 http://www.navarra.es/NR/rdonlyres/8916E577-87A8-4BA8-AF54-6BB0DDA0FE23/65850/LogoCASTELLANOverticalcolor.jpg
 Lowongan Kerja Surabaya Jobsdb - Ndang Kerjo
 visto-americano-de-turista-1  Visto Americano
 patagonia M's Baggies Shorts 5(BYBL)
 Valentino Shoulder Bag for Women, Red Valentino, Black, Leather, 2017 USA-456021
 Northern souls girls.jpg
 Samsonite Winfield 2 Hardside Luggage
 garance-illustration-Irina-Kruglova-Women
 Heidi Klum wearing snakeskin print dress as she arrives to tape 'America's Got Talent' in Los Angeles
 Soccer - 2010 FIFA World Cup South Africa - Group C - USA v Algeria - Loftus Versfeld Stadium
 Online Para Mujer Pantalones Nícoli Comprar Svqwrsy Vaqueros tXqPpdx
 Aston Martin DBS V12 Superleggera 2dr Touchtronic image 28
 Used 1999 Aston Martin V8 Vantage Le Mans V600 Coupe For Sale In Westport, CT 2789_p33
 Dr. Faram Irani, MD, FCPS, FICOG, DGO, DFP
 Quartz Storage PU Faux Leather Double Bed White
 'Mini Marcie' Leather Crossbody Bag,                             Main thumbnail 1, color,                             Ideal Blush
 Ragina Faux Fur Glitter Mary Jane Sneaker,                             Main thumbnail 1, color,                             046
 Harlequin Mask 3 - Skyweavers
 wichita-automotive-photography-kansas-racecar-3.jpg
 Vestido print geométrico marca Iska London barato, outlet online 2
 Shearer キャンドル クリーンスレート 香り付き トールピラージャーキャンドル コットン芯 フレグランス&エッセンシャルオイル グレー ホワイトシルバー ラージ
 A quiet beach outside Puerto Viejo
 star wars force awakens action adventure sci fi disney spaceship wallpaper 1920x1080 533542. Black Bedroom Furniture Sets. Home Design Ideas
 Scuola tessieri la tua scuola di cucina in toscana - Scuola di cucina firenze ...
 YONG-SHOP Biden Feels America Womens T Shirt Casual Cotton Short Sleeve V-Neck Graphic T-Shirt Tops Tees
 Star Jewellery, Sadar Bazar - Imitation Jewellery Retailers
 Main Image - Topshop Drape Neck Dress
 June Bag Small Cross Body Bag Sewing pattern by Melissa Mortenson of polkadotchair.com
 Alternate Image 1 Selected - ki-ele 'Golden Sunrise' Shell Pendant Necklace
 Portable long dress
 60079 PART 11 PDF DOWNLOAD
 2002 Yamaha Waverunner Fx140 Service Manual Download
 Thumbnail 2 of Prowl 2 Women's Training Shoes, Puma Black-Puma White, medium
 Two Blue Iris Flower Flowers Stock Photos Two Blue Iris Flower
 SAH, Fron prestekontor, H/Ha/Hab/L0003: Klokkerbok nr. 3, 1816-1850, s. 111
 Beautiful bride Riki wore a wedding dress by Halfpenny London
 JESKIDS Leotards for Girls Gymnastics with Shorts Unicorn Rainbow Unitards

• • • •

Each line from the one containing "Thumbnail 2 of" down to the final line of the listing must appear in the answer exactly as written, and no other line may.

 Thumbnail 2 of Prowl 2 Women's Training Shoes, Puma Black-Puma White, medium
 Two Blue Iris Flower Flowers Stock Photos Two Blue Iris Flower
 SAH, Fron prestekontor, H/Ha/Hab/L0003: Klokkerbok nr. 3, 1816-1850, s. 111
 Beautiful bride Riki wore a wedding dress by Halfpenny London
 JESKIDS Leotards for Girls Gymnastics with Shorts Unicorn Rainbow Unitards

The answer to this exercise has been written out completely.